Grazie Marì, l'ho già visto un paio di volte, ma fa sempre piacere.


----------



## Mari' (6 Agosto 2010)

Questo video e' BELLISSIMO! :up: Ti mette tanta pace dentro.


----------



## Nobody (6 Agosto 2010)

Belissima!


----------



## Mari' (6 Agosto 2010)

moltimodi ha detto:


> Belissima!


:up:


Mi e' piaciuta molto "siamo tutti americani"  :mrgreen:


----------



## Nobody (6 Agosto 2010)

Mari' ha detto:


> :up:
> 
> 
> Mi e' piaciuta molto "siamo tutti americani"  :mrgreen:


_ "Io sono in pace!" _


----------



## Alce Veloce (6 Agosto 2010)

_"......M'incuriosisce di più morire. Mi dispiace solo di non poterne scrivere........"_

Auguro a tutti la stessa serenità, quando sarà il momento


----------



## Mari' (6 Agosto 2010)

*Ecco!*



Alce Veloce ha detto:


> _"......M'incuriosisce di più morire. Mi dispiace solo di non poterne scrivere........"_
> 
> Auguro a tutti la stessa serenità, quando sarà il momento



BRAVO!

GRAZIE!

Questo e' un bel modo/maniera di augurare la morte a qualcuno.


----------



## Alce Veloce (6 Agosto 2010)

Mari' ha detto:


> BRAVO!
> 
> GRAZIE!
> 
> Questo e' un bel modo/maniera di *augurare la morte a qualcuno*.
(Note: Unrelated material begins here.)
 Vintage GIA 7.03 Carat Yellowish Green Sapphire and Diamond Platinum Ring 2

.......Premesso che essa venga quando deve venire e si riconosca come qualcosa di inevitabile per chiunque (quindi tanto vale che venga bene)


----------



## Minerva (6 Agosto 2010)

insisto ...a me piace anche questo ragazzone
http://www.la7.it/approfondimento/dettaglio.asp?prop=invasioni&video=5304


----------



## Mari' (6 Agosto 2010)

Alce Veloce ha detto:


> .......Premesso che essa venga quando deve venire e si riconosca come qualcosa di inevitabile per chiunque (quindi tanto vale che venga bene)





Ovviamente  intanto VOI avviatevi :mrgreen: mi raccomando preparate tutto in grande stile  non badate a spese  in modo che quando io arrivero' sara' una gran festa :carneval: .
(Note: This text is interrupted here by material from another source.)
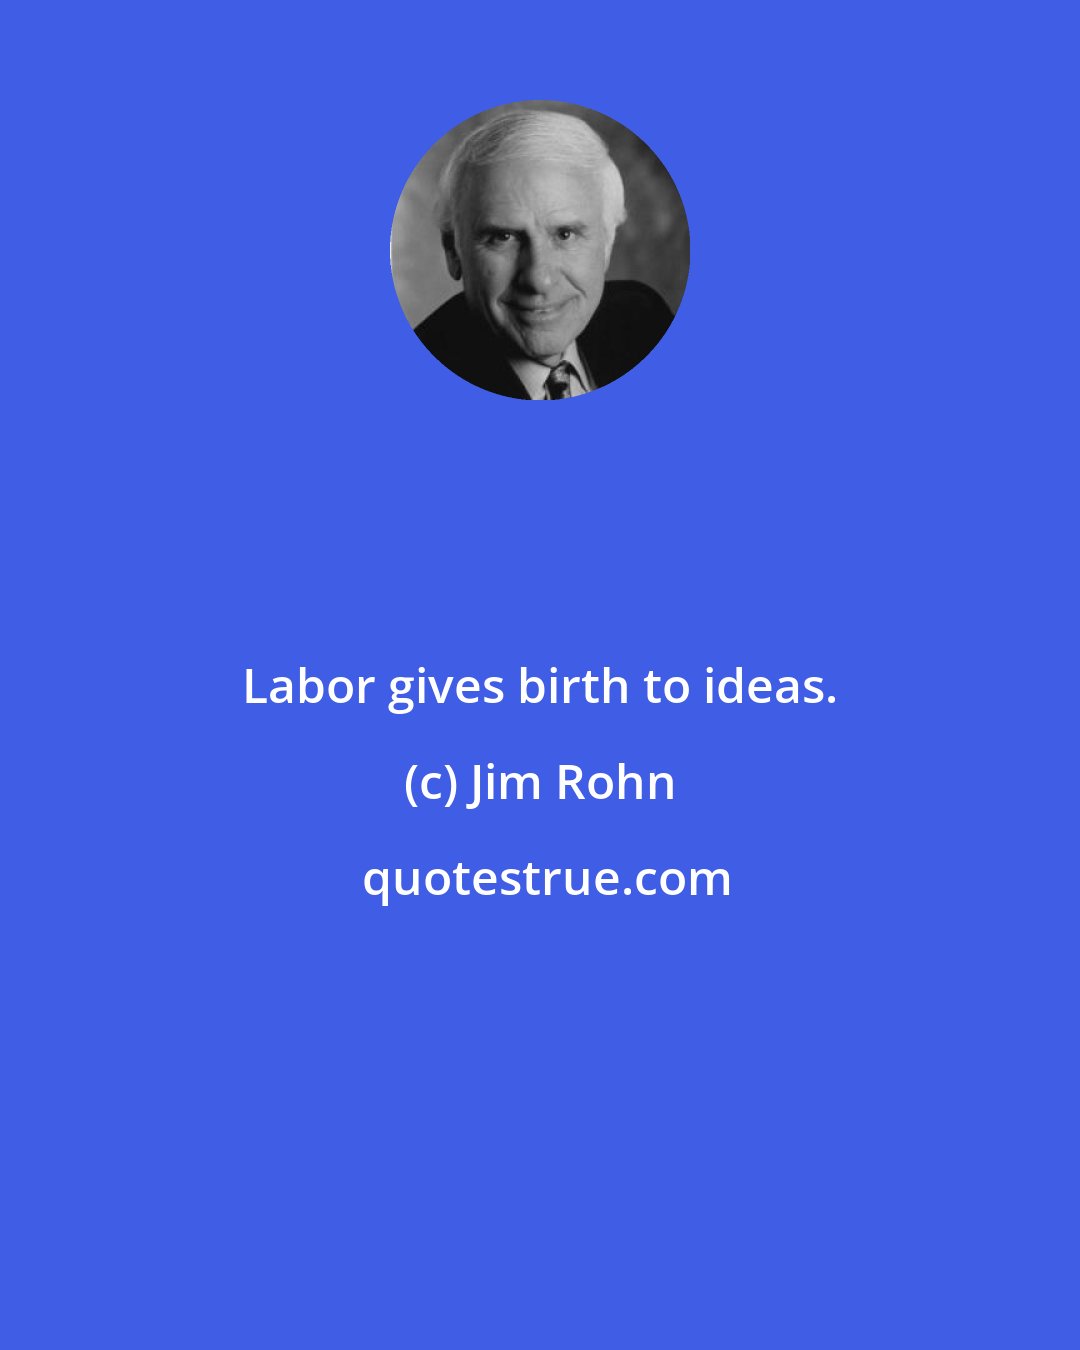 Jim Rohn: Labor gives birth to ideas.

:rotfl::rotfl::rotfl::rotfl::rotfl:


----------



## Alce Veloce (6 Agosto 2010)

Minerva ha detto:


> insisto ...a me piace anche questo ragazzone
> http://www.la7.it/approfondimento/dettaglio.asp?prop=invasioni&video=5304


 
Con tutto il rispetto per suo padre, a me continua a parere un bamboccio gonfio della figura del padre, e basta. Opinione mia, certo.


----------



## Minerva (6 Agosto 2010)

Alce Veloce ha detto:


> Con tutto il rispetto per suo padre, a me continua a parere un bamboccio *gonfio* della figura del padre, e basta. Opinione mia, certo.


* benedetto* dalla figura del padre.


----------



## Mari' (6 Agosto 2010)

Alce Veloce ha detto:


> Con tutto il rispetto per suo padre, a me continua a parere un bamboccio gonfio della figura del padre, e basta. Opinione mia, certo.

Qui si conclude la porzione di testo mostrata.